An instrumented gateway (router) can passively collect information related to:
-
- The connectivity of each associated wireless and wired client of the home/business/public network (e.g., signal strength, utilization, bitrate, packet loss).
- Information about the network status and load of the wireless and the wired interfaces (e.g., bandwidth utilization, loss rates, retransmissions, round trip times).
- Information related to the configuration of the router (QoS policies, allowed ports, access lists etc.).
The wired ISP also installs modules across its own backbone to collect information related to the performance any middle-boxes, routers, peering etc. Finally, as with the previous modules, the troubleshooting engine 5 is used to automatically identify errors or investigate device reported issues related to local Wi-Fi connectivity or within the ISPs network.
Core Network and Service Provider:
Core Network modules are used to identify issues with peering and backbone congestion or misconfiguration as with the mobile wired ISP bones middle boxes are used to take measurements and a troubleshooting engine 5 is used to automatically identify errors and to investigate any device/ISP initiated requests.
In the present invention, preferably data is collected and owned separately by each involved entity Nx (e.g., the user's device, the mobile ISP, in theory any organization or provider that is involved in delivery a data object from a service to a user can participate).
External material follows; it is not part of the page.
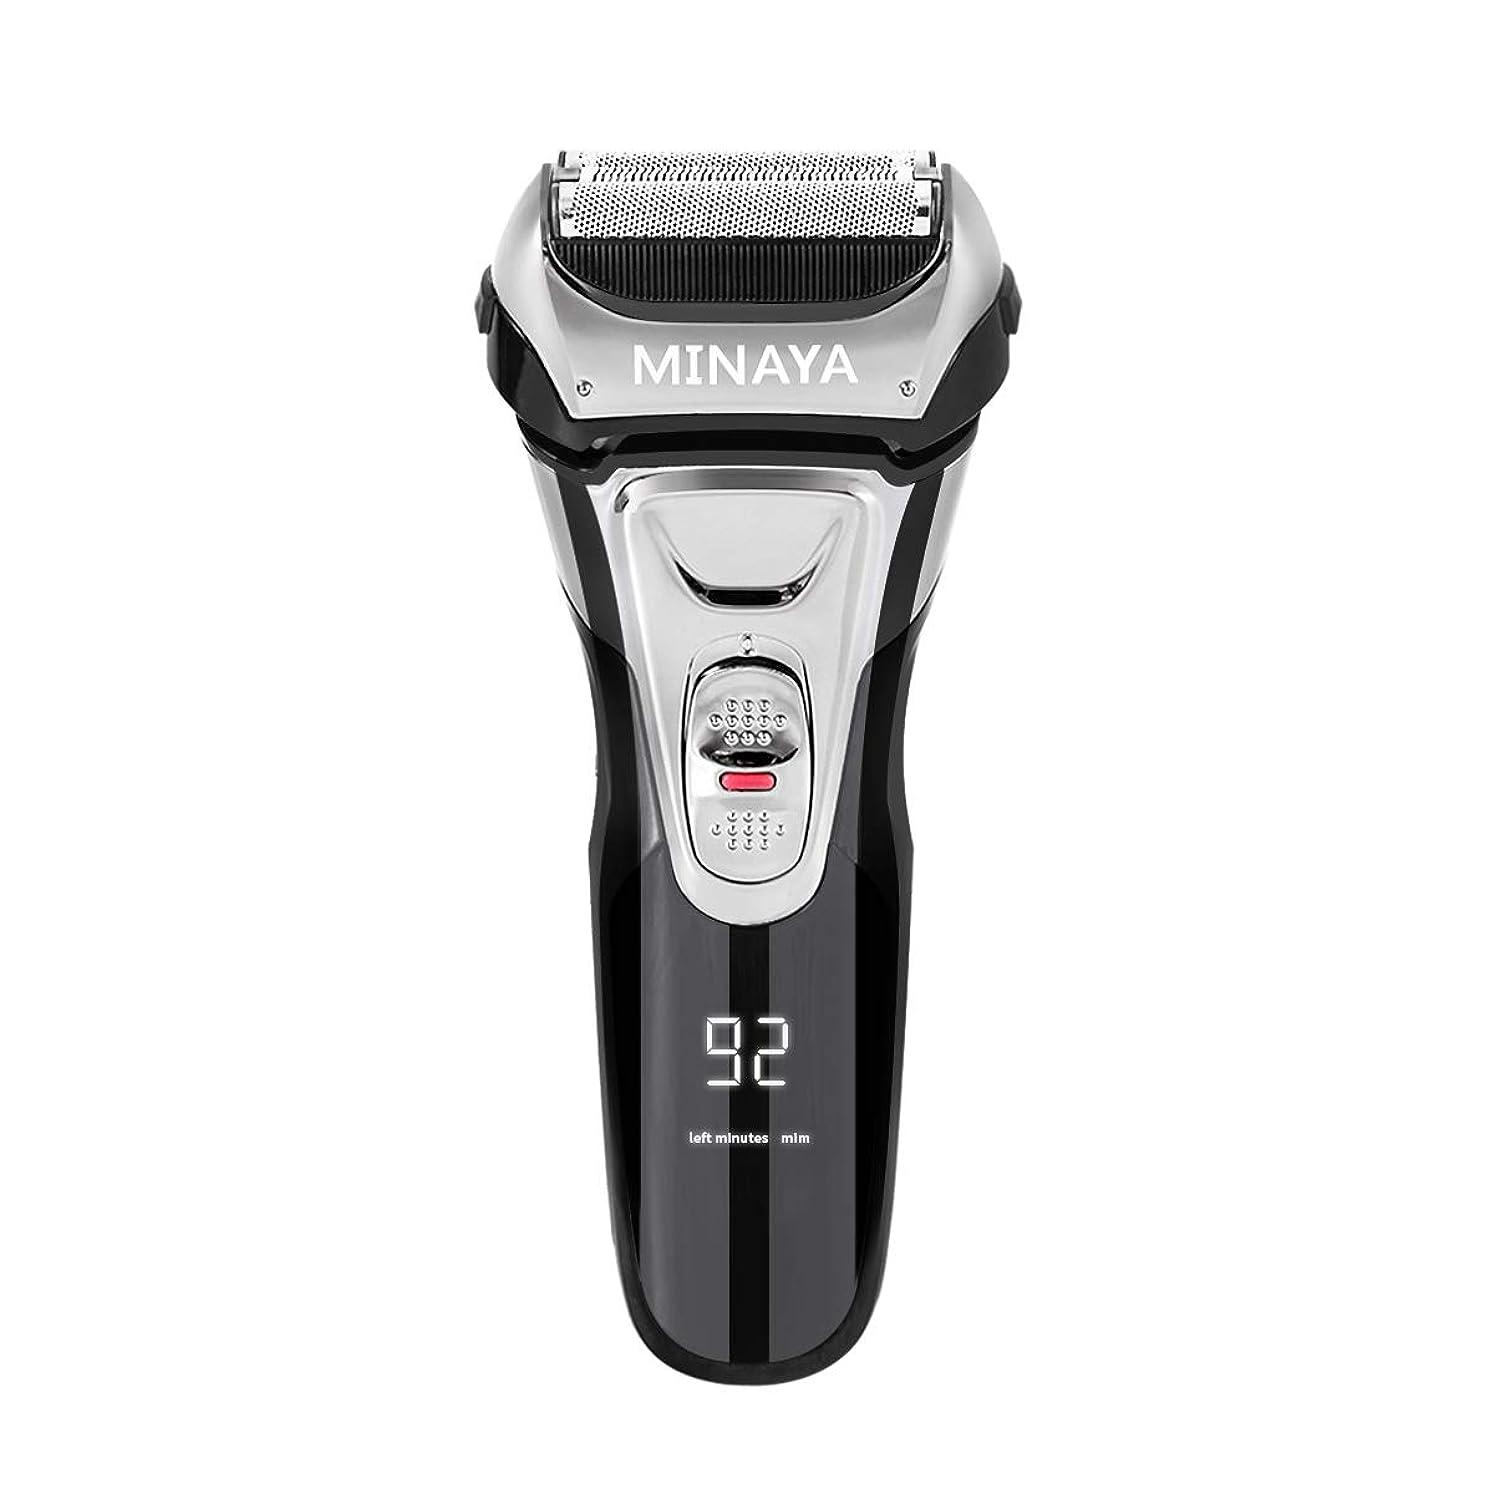 侵入する作り手順電気シェーバー メンズ シェーバー 往復式 3枚刃 髭剃り 電動 カミソリ LEDディスプレイ USB充電式 IPX7防水 水洗い/お風呂剃り対応

Furthermore, each entity Nx runs its own instance of a measurement module M that can only access the internal data to identify any possible causes within an organization. The modules across different organizations are using the proposed mechanism to collaborate in order to identify the exact cause of a problem. In that process only the abstracted information is revealed between the involved parties. Finally, a query to identify an issue is forwarded to the next entity Nx along the path of the data only when the local data indicate that there is no local problem.
In reference to
Therefore, in the proposed mechanism this sand-boxed iterative process addresses all the aforementioned data sharing issues while providing the ability to track problems across different entities N1 . . . Nn.
Apart from the modules M that measure the performance within each entity Nx and the interaction across them, the invention also defines the steps and algorithms required in order to identify a possible issue and pinpoint its cause. Data from the measurement modules M are preferably encoded using the JSON format (However, any communication protocol or data encoding protocol could be also used.). The same encoding is used for the communication between the entities N1 . . . Nn. For the communication between components a REST-ful API is preferably used:
-
- POST is used to upload measurements to the aggregator and to submit queries across component. Furthermore, it is used to provide the necessary notifications.
- GET is used to read
- DELETE and PUT are only allowed internally within each entity Nx to modify or delete data.
Data from the measurement points and the external modules are collected by a “data aggregator component”. In this instance two parallel instances are generated: 1. a copy of the data is stored in the database for post-process evaluation. 2. a copy of the data are delivered to real-time streaming analysis engine. The main functions of this engine are to:
Investigate requests to resolve an issue: When a request is made either by an external entity or internally (e.g., by the user) then the passively collected information in the database is used to pinpoint the exact cause. Standard threshold-based mechanisms are used in this case. For instance the engine evaluates whether there was enough available bandwidth at the links that the object went through.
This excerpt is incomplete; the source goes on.